Where the data below begins, start duplicating lines exactly, and finish with the line containing "Fender American Professional"; add nothing else. Leave the pictures out.

(COLLECTED MATERIAL begins)

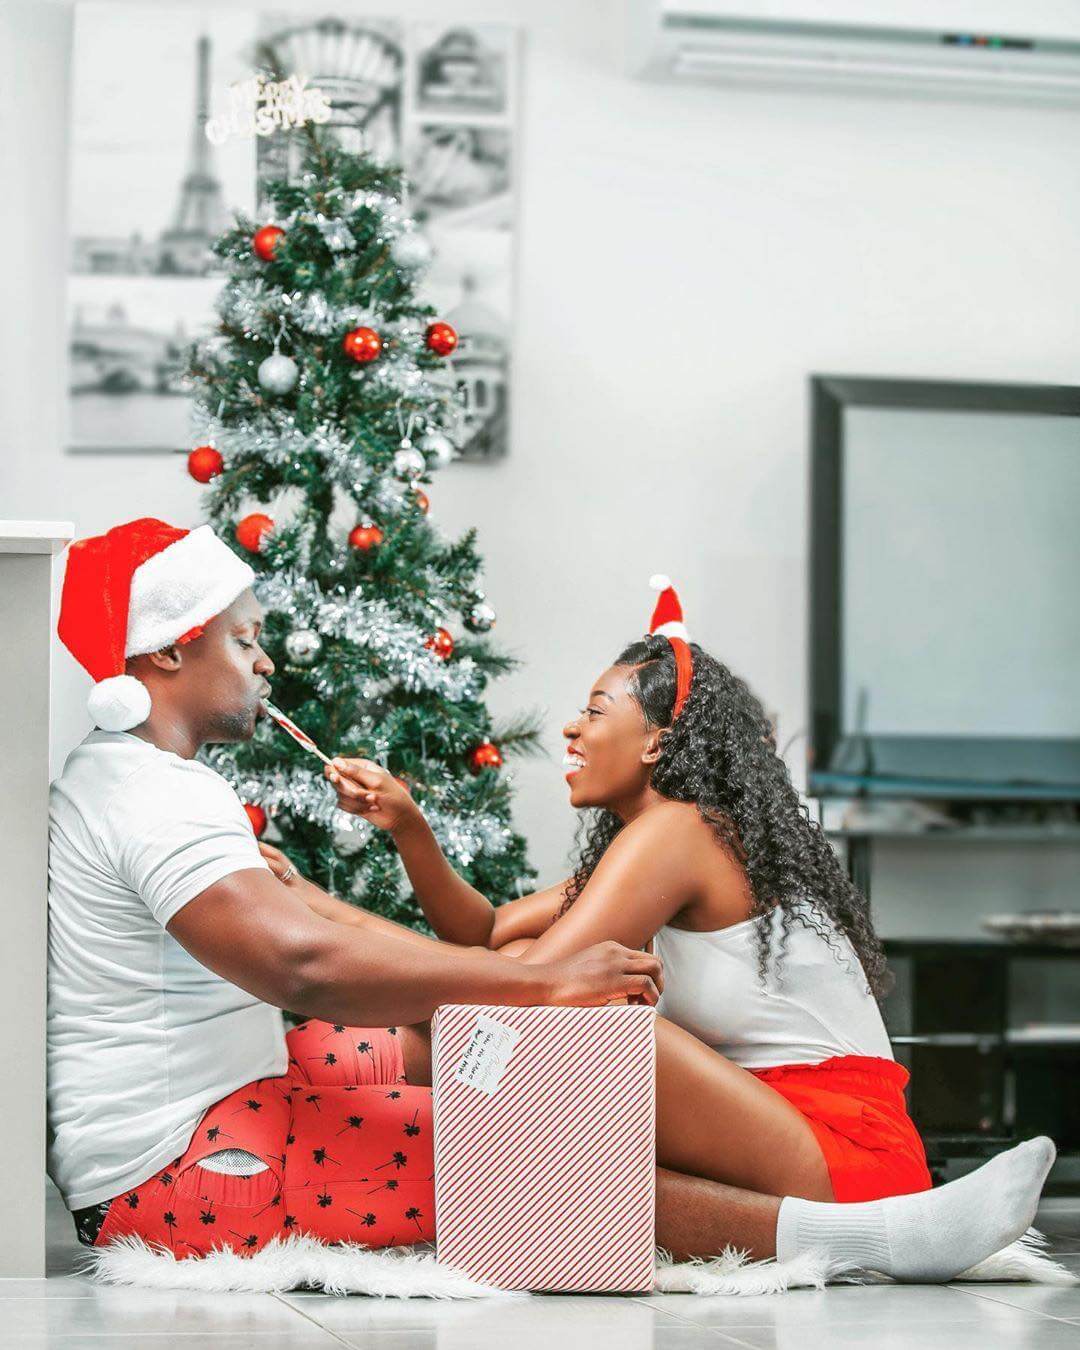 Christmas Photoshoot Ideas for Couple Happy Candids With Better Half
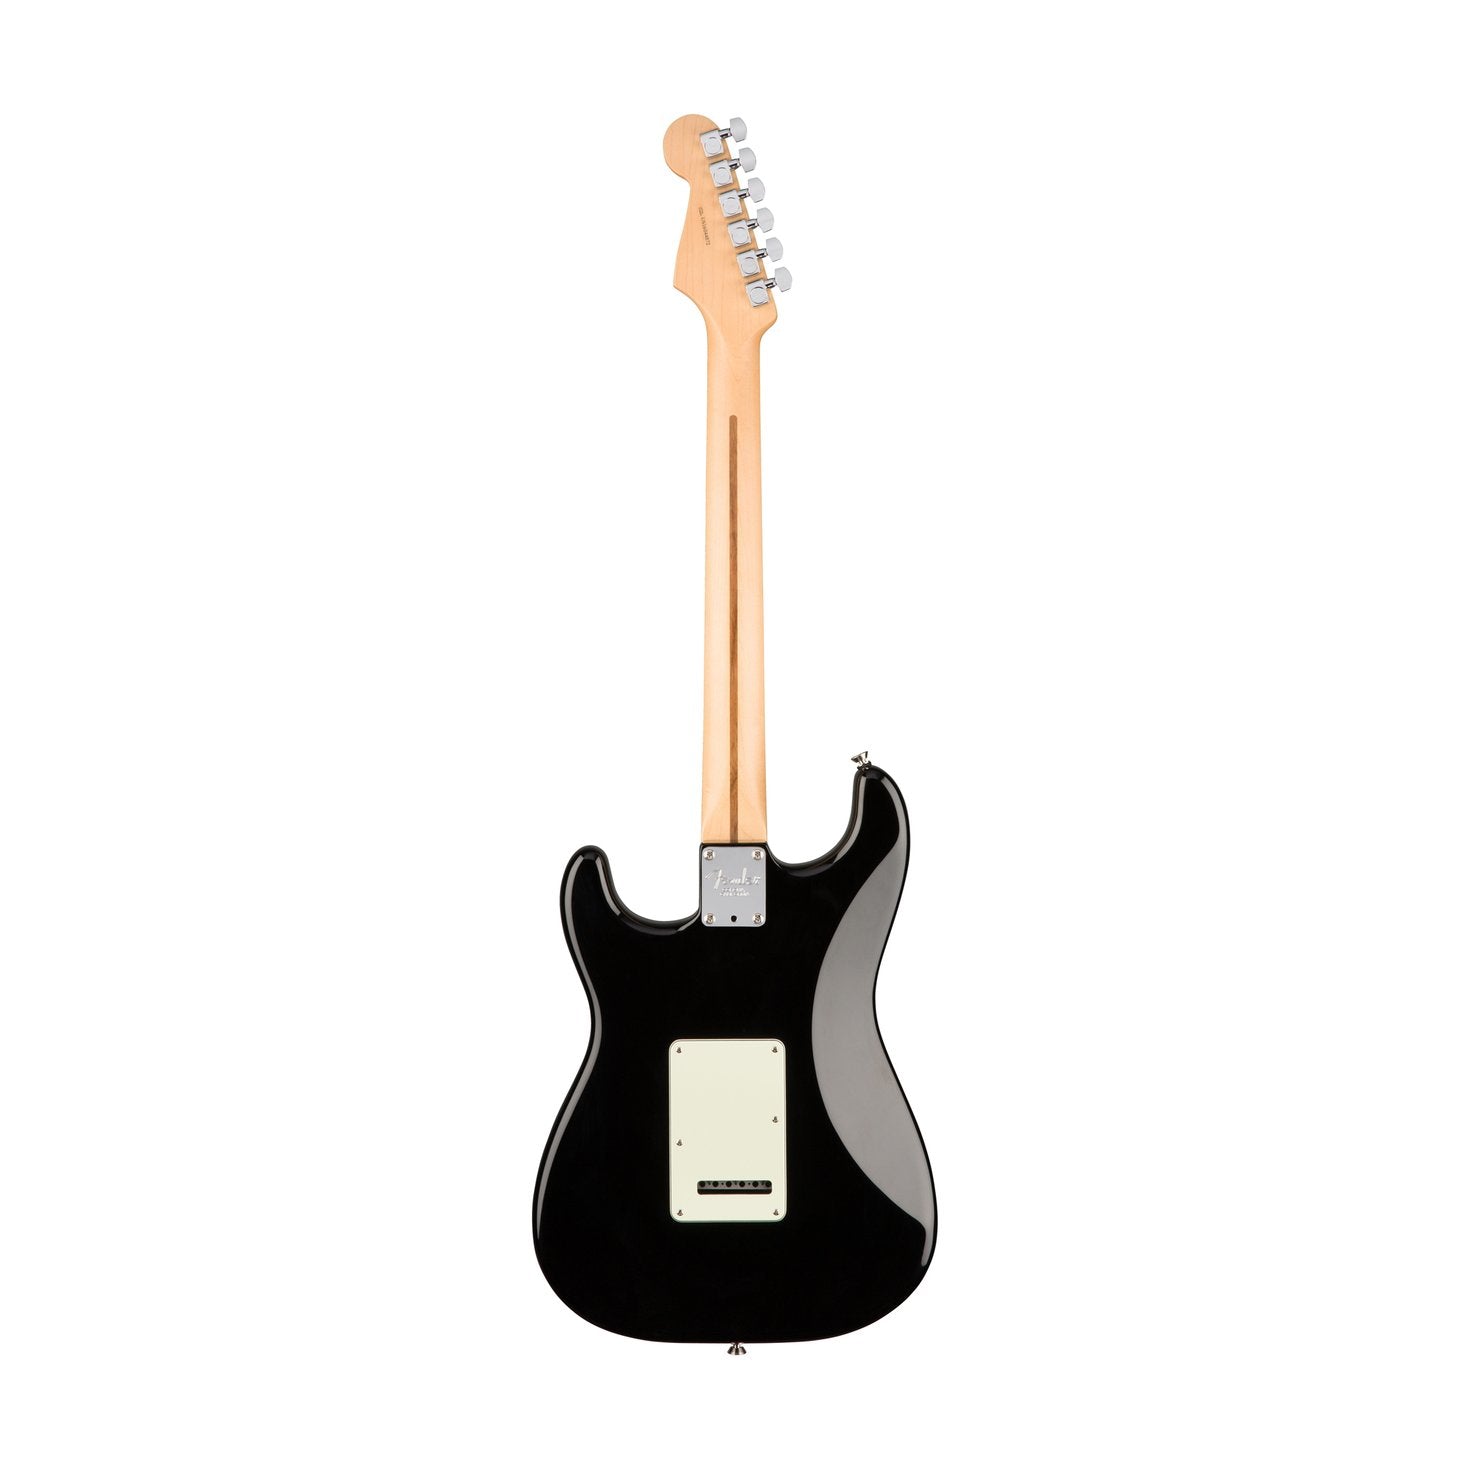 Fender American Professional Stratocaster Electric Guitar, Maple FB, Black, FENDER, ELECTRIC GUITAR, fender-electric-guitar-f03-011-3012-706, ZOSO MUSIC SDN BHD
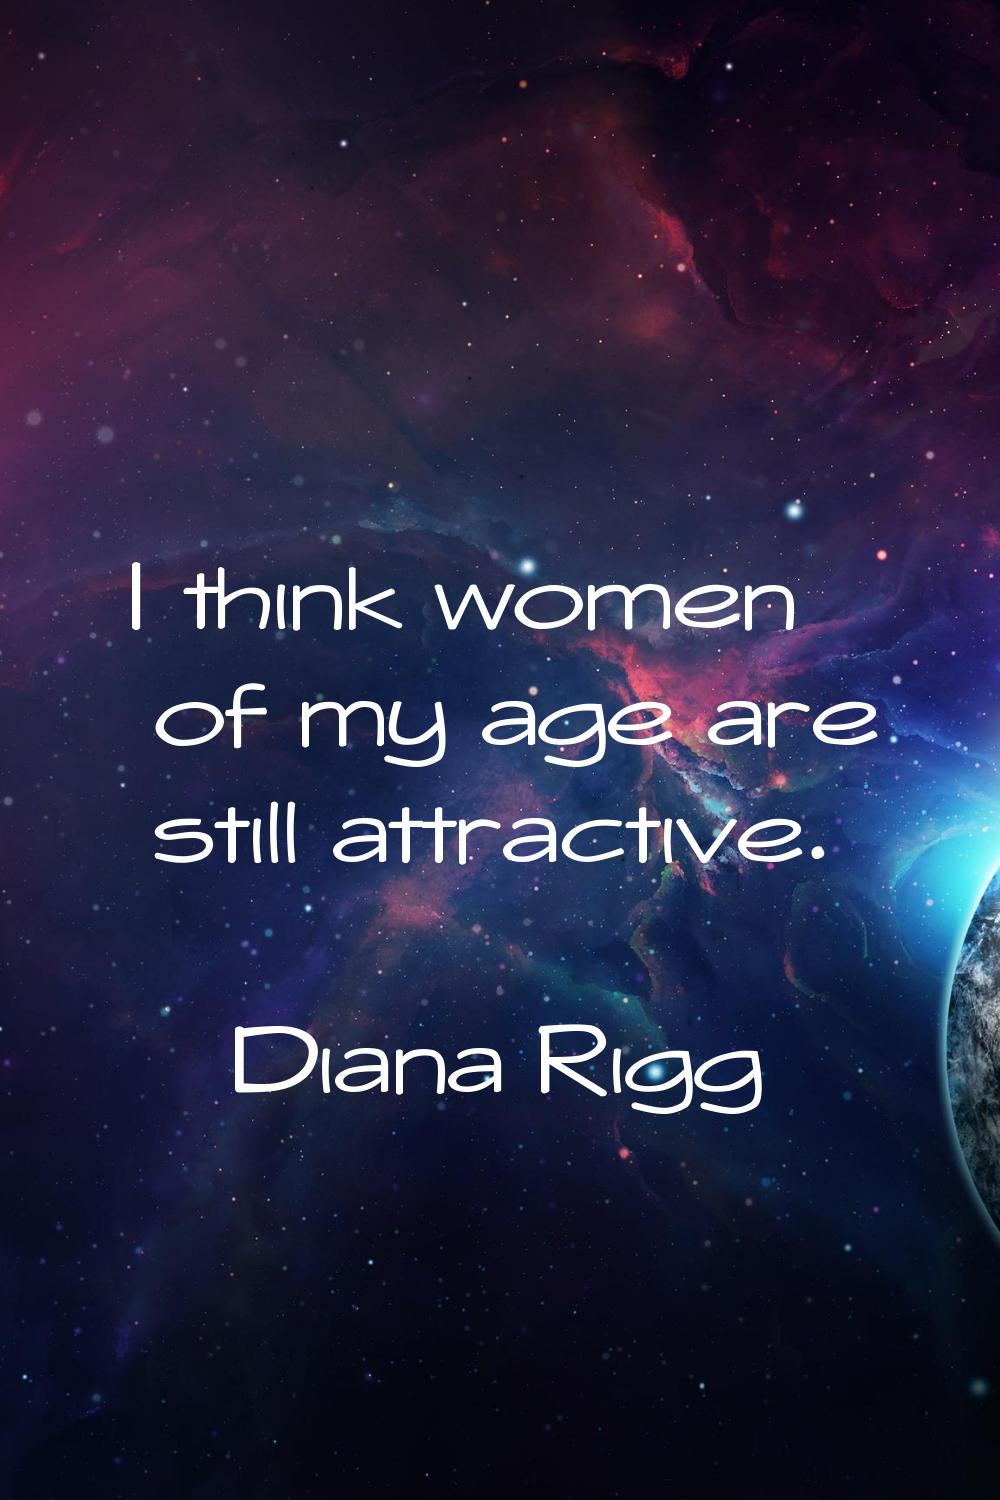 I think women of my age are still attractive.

(COLLECTED MATERIAL ends)

* **YOUR RESPONSE**
 Christmas Photoshoot Ideas for Couple Happy Candids With Better Half
 Fender American Professional Stratocaster Electric Guitar, Maple FB, Black, FENDER, ELECTRIC GUITAR, fender-electric-guitar-f03-011-3012-706, ZOSO MUSIC SDN BHD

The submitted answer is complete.